Premier épisode de cette série d'été :  Jeez Loueez

Aux États-Unis, chaque ville a sa scène et ses stars de l’art de l’effeuillage. Entre Chicago et la Nouvelle-Orléans, Jeez Loueez a su créer des espaces entièrement dédiés aux personnes noires. Elle est à l’origine du premier festival de burlesque rassemblant uniquement des artistes noir.e.s et pour la plupart queer.
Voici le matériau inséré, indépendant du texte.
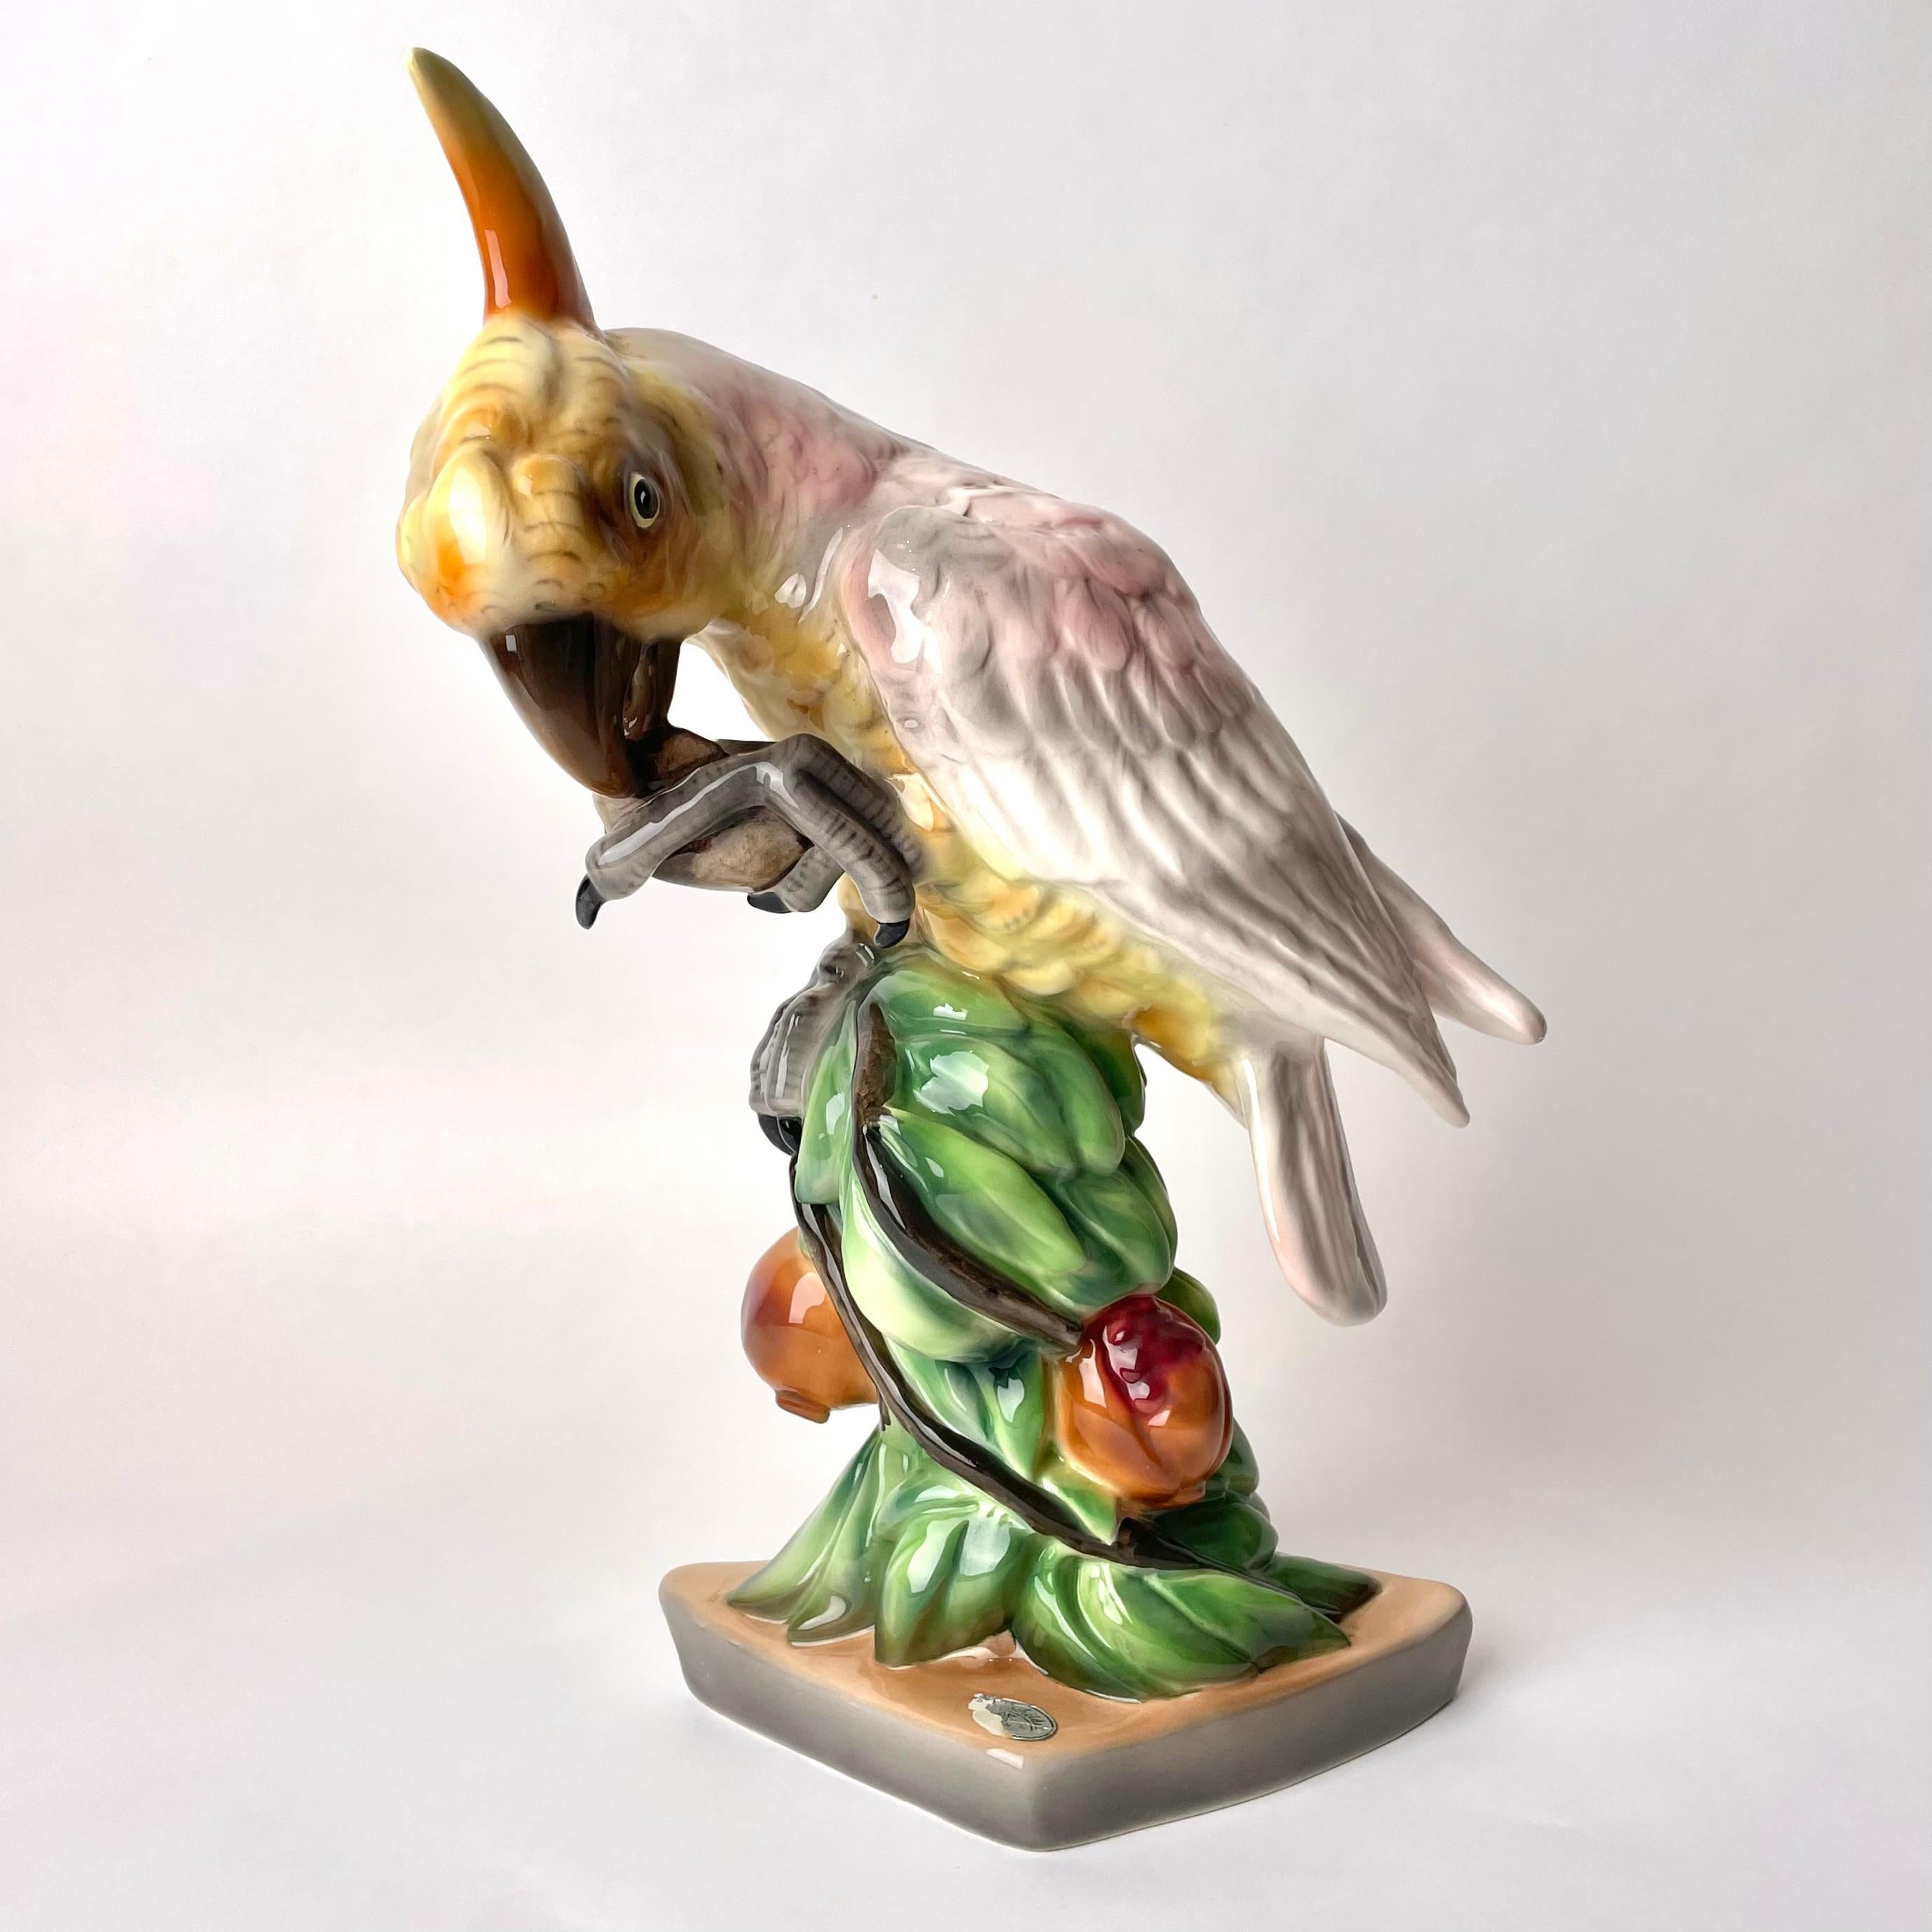 Figurine en céramique viennoise en forme de perroquet assis sur une Branch avec une pomme, probablement années 1920

Cette charmante figurine en porcelaine a été fabriquée par la célèbre entreprise viennoise de céramique Goldscheider. L'entreprise a

Si vous avez regardé la série Easy sur Netflix, vous la trouverez dans la saison 2, épisode 7, consacré à la scène burlesque de Chicago. Jeez Loueez y joue son propre rôle et apprend à l’une des héroïnes principales son art du tease. L’épisode raconte la tension entre un couple de lesbiennes lorsque l’une d’elle décide de se déshabiller sur scène. On assiste à l’inquiétude de sa partenaire, galeriste, pour laquelle le strip-tease entre en dissonance cognitive avec ses positions féministes radicales.

Jeez Loueez n’a pas seulement été interprète, elle a aussi été consultante auprès du créateur de la série, Joe Swanberg. Elle raconte : « C’était une expérience géniale parce que toutes les artistes burlesques qui apparaissent dans l’épisode sont de vraies artistes. J’ai trouvé que c’était une description très juste de la scène de Chicago. »

Cette scène, Jeez Loueez a largement participé à la développer grâce au Jeezy's Juke Joint, premier festival dédié aux artistes burlesques noir.e.s. Issue des clubs de strip-tease, elle est tombée dans le burlesque par hasard et y a tout de suite pris goût. « J’avais l’impression qu’il y avait soit le classique, soit le néo-burlesque plus trash, mais je ne m’y retrouvais pas », confie-t-elle à Komitid.